Cúmplice das horas louras, entre as escapulidas para conhecer a cidade no recheio das aulas, meu caderno clorou-se no tremular dos dias. Entre os símbolos do destino, topei com a “escultura de Gutenberg”. Nunca se calcula uma metamorfose; do livro imenso do mar ao mar imenso do livro.

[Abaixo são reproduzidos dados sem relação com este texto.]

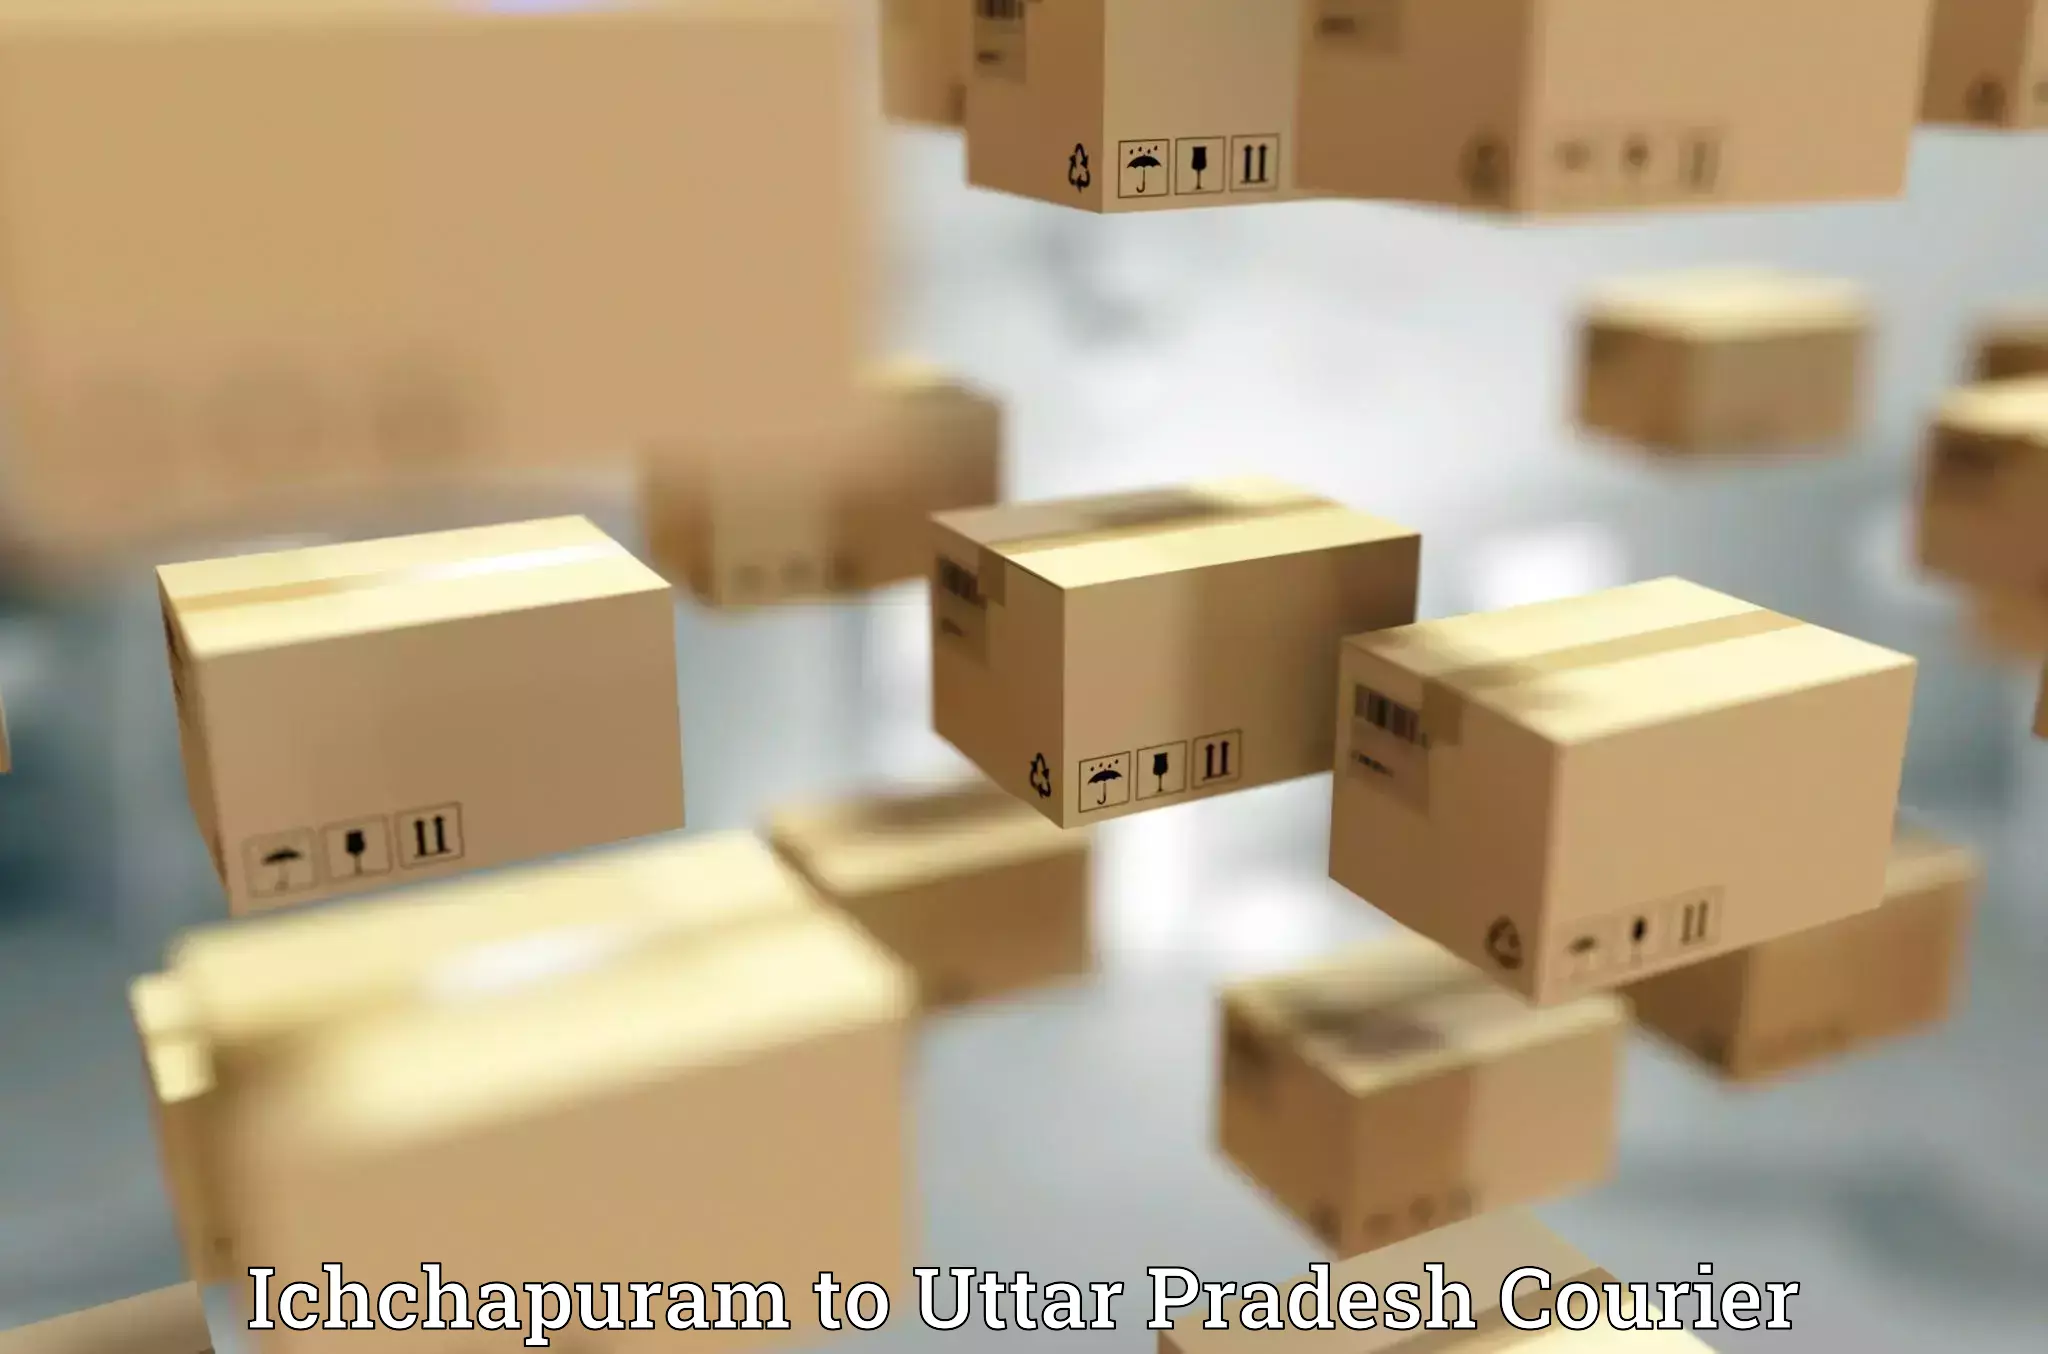 Next-generation courier services Ichchapuram to Mughalsarai

Aluno em que a lógica gramatical se espremia entre o surfar na Lua e a pedagogia “meus causos dão de dez em Paulo Freire” da professora de Língua Portuguesa, recebi a brasa fervente de pesquisar sobre fábulas. Entre as borrifadas de tédio daqueles dias, um raio sonoro rebentou as cordilheiras de água açucarada: danou-se! Eu era um marciano na Gramática, conhecia bem a formosa biblioteca municipal de Santos e os sebos na Praça dos Andradas, mas na prática da escrita...

Para nos afivelar ainda mais medo, como se fosse uma monja descrevendo o Inferno de Dante para os aventureiros no pecado, a mestra alertou: depois de Esopo, La Fontaine e dos irmãos Green, ninguém mais poderá fazer fábulas, todas já foram feitas. Em tempo anterior, como se desse para disfarçar essa mácula anímica, minha estimada educadora apontou para todos da sala, o judô que diuturnamente travava com a Última Flor do Lácio, no meu caso, mais inculta do que bela. Ferido em minhas fibras verbais pela alfinetada maliciosa, sorvi o desafio: Ah é? Não se pode mais fazer fábulas? Será?

O prazo de entrega era de uma semana. Desde logo procurei mover o Olimpo em minha empresa, precisaria impressionar, como não? A cada martelada na escrita escutava a voz da professora em sua alfinetada. Escrevia um pouco, apagava muito, delirava um tanto, tornava-me sério. E a voz dela reverberava, reverberava, reverberava. Nem senti as trepidações daquela semana, na biblioteca, apenas meu esforço titânico se ouvia no assoviar intranquilo do lápis.

Senti que havia dado formas finais ao meu grande projeto: modelar uma fábula. Era um tema simples, sobre a sabedoria de um grilo. Nascido o grande dia, estava até afetado na sala de aula, peito ampliado, olhar rijo e sorriso confiante. Um por um, todos eram chamados para a entrega. Pensava no início de meu encontro com a Literatura, amansando os Titãs da crítica, despistando as ninfas do elogio fácil; via-me na entrada triunfal.

Dias se passam na apreensão, e a sensação dos louros revirava o peito. Depois de tantos, sou chamado ao Arco do Triunfo. De alma levitando, caminho para a mesa de correção. Soltando um sorriso desértico, a mestra fulmina: sei que foi você quem escreveu, já disse, não se pode mais fazer fábulas. Não lembro para qual direção foi meu olhar.